Clark involved a trial by judge of a bank robbery case. During the crime the suspect had partially obscured his face with a hood and a hat pulled down over most of his features (at paras 3-4). At trial, the Crown relied on the testimony of three eyewitnesses, and in particular that of one woman who had stood about 5-6 feet away from him at the bank counter and glanced at him several times during the robbery at para 54). Several other witnesses identified a photograph of the robber taken from the security camera as an individual who went by the street name “Lips,” a name by which the accused had identified himself to a police officer prior to the robbery (at para 51).

The defense sought to lead testimony by a Dr. Reid, an expert in the construction and administration of photo lineups (at para 38). Dr. Reid proposed to testify to the general unreliability of photo line-ups (and in particular the lack of correlation between the confidence of a witness in their identification and actual accuracy) (at para 39). He also proposed to testify to various aspects of the photo lineups in question which he believed made them less likely to be accurate.
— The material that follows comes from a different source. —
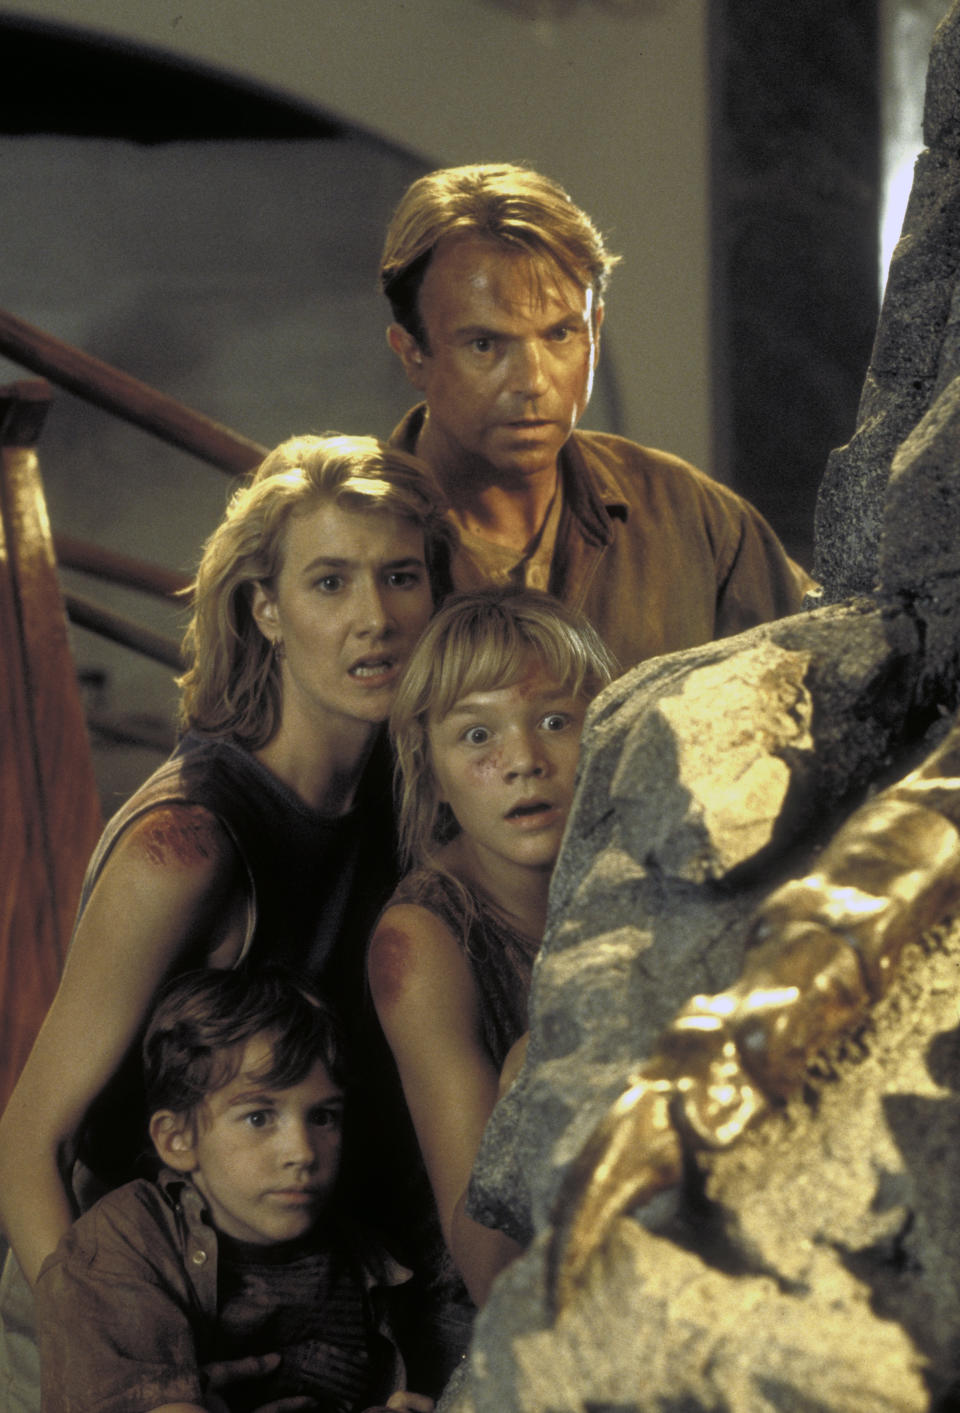 Actor Sam Neill as Dr. Alan Grant and actress Laura Dern as Dr. Ellie Sattler, with Ariana Richards (right) and Joseph Mazzello (left) as Lex and Tim, in a scene from the film 'Jurassic Park', 1993.  (Photo by Murray Close/Getty Images)

Specifically:

  • The lineups were suspect-based, rather than description-based.
  • The lineups included other people taken from the immediate community, making it more likely that a witness might recognize someone they knew and, thus, that the number of genuine suspects would be reduced.
  • The photos showed more of the suspect’s face than the witnesses had actually seen in real life due to his disguise.
  • The police officer administering the line-up left the witness alone with the pictures for a time and then drew her attention, upon his return, to a particular photo.
  • The lineups occurred several months after the robbery itself (at paras 40-43).

In excluding Dr. Reid’s testimony, the trial court emphasized that it was unnecessary to resort to expert testimony for the purposes of reinforcing the frailties of eyewitness testimony (at para 48). In his reasons for judgment the trial judge noted that he had been a lawyer for 37 years prior to coming to the bench and that he had “conducted many civil and criminal trials as well as complex regulatory hearings, many of which involved the extensive use of technical and scientific experts who gave opinion evidence clearly outside the knowledge base of the decision makers involved” (at para 48). The judge also noted that since becoming a judge he had taken a number of National Judicial Institute courses dealing with the assessment of witnesses and the types of evidence allowed in criminal cases (at para 48).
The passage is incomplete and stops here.